*DATA TO PROCESS*.
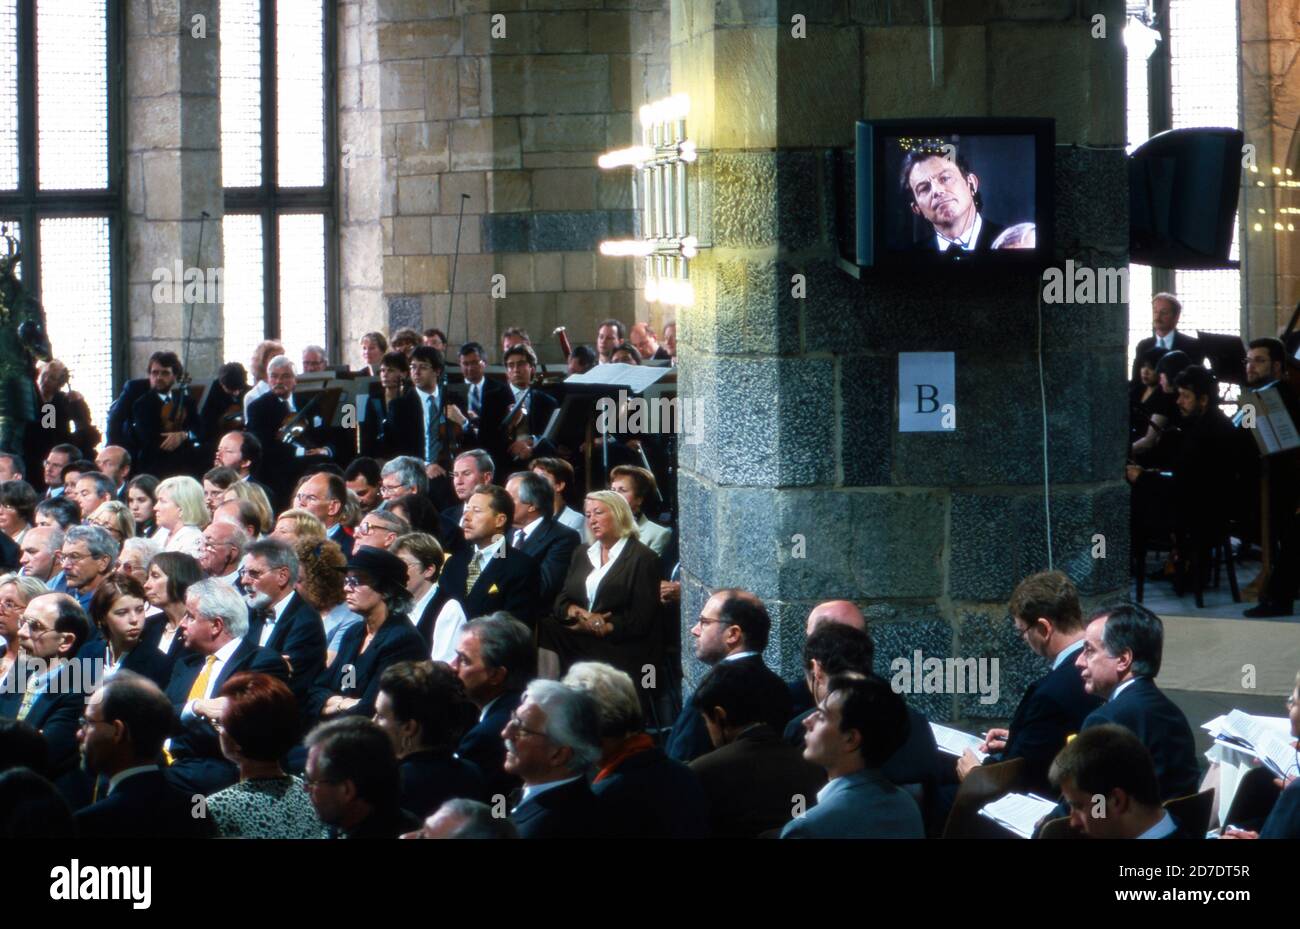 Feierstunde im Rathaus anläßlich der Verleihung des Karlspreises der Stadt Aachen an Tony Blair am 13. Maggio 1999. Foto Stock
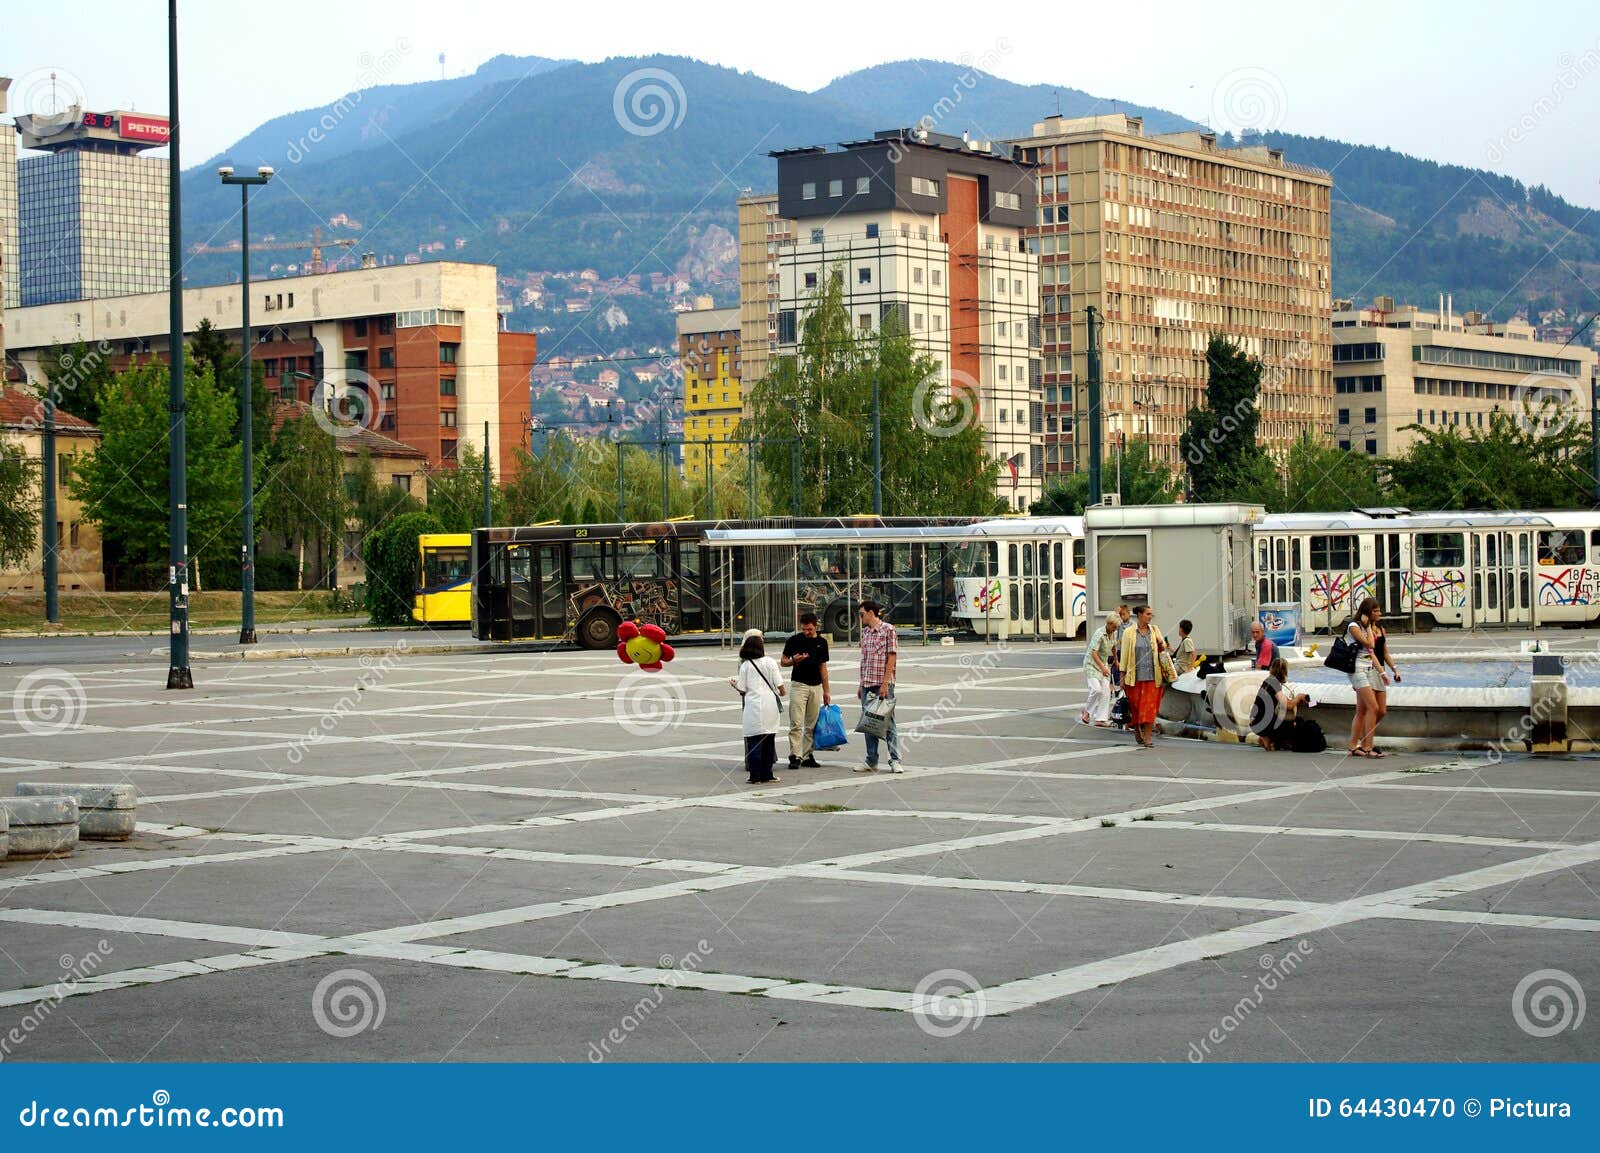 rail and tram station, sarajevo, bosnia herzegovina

* * *

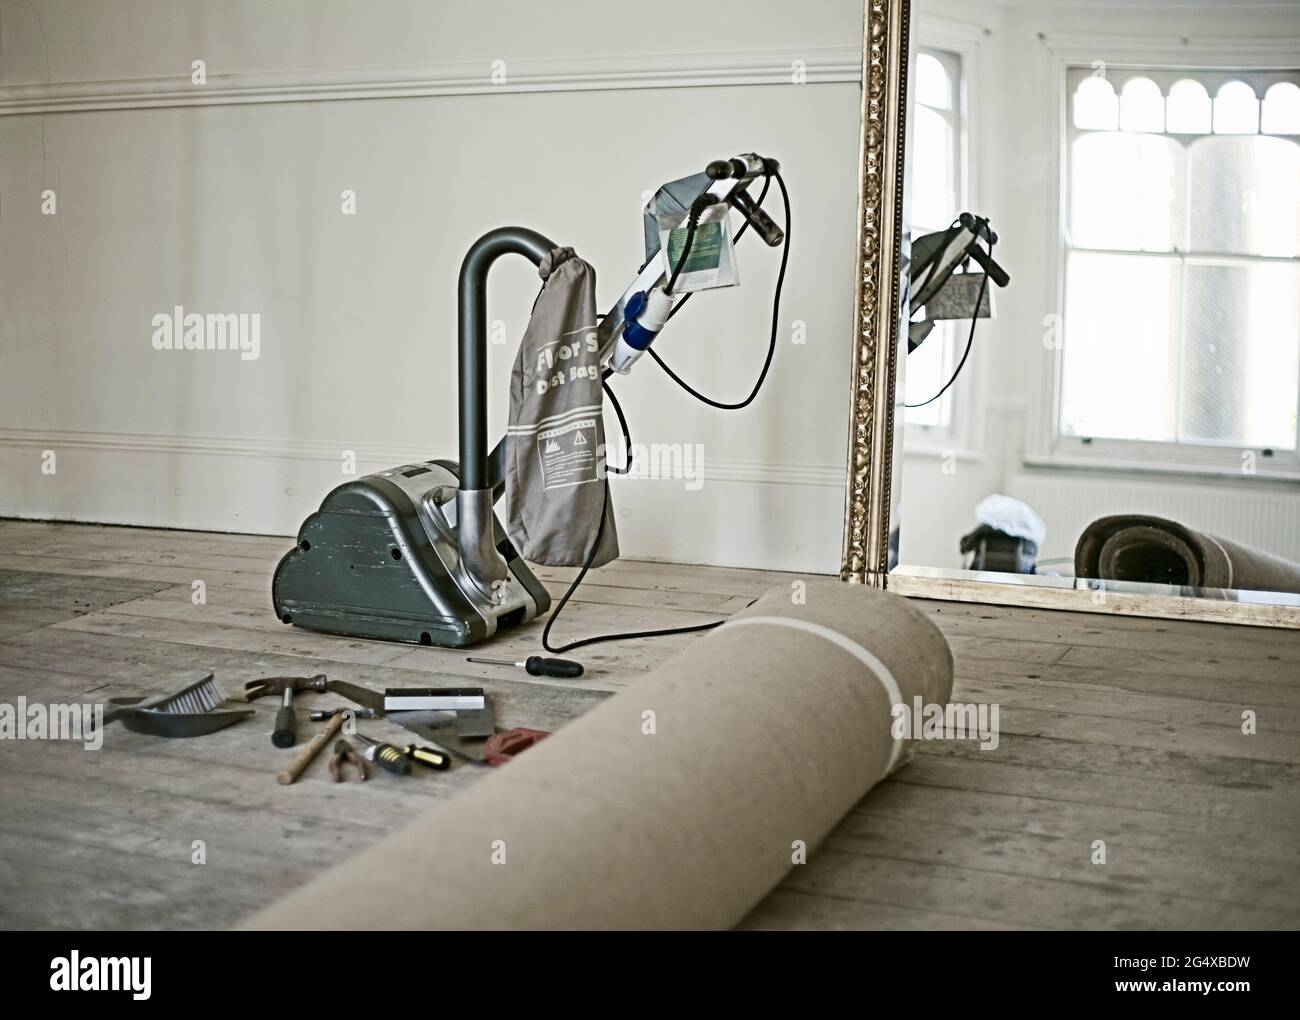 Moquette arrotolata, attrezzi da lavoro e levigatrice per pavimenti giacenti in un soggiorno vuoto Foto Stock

*WHAT IS EXPECTED*.
Only the lines above from the one containing "Feierstunde im Rathaus" through the one containing "rail and tram" should be returned, verbatim and inclusive, with pictures excluded.

*EXERCISE ANSWER*.
 Feierstunde im Rathaus anläßlich der Verleihung des Karlspreises der Stadt Aachen an Tony Blair am 13. Maggio 1999. Foto Stock
 rail and tram station, sarajevo, bosnia herzegovina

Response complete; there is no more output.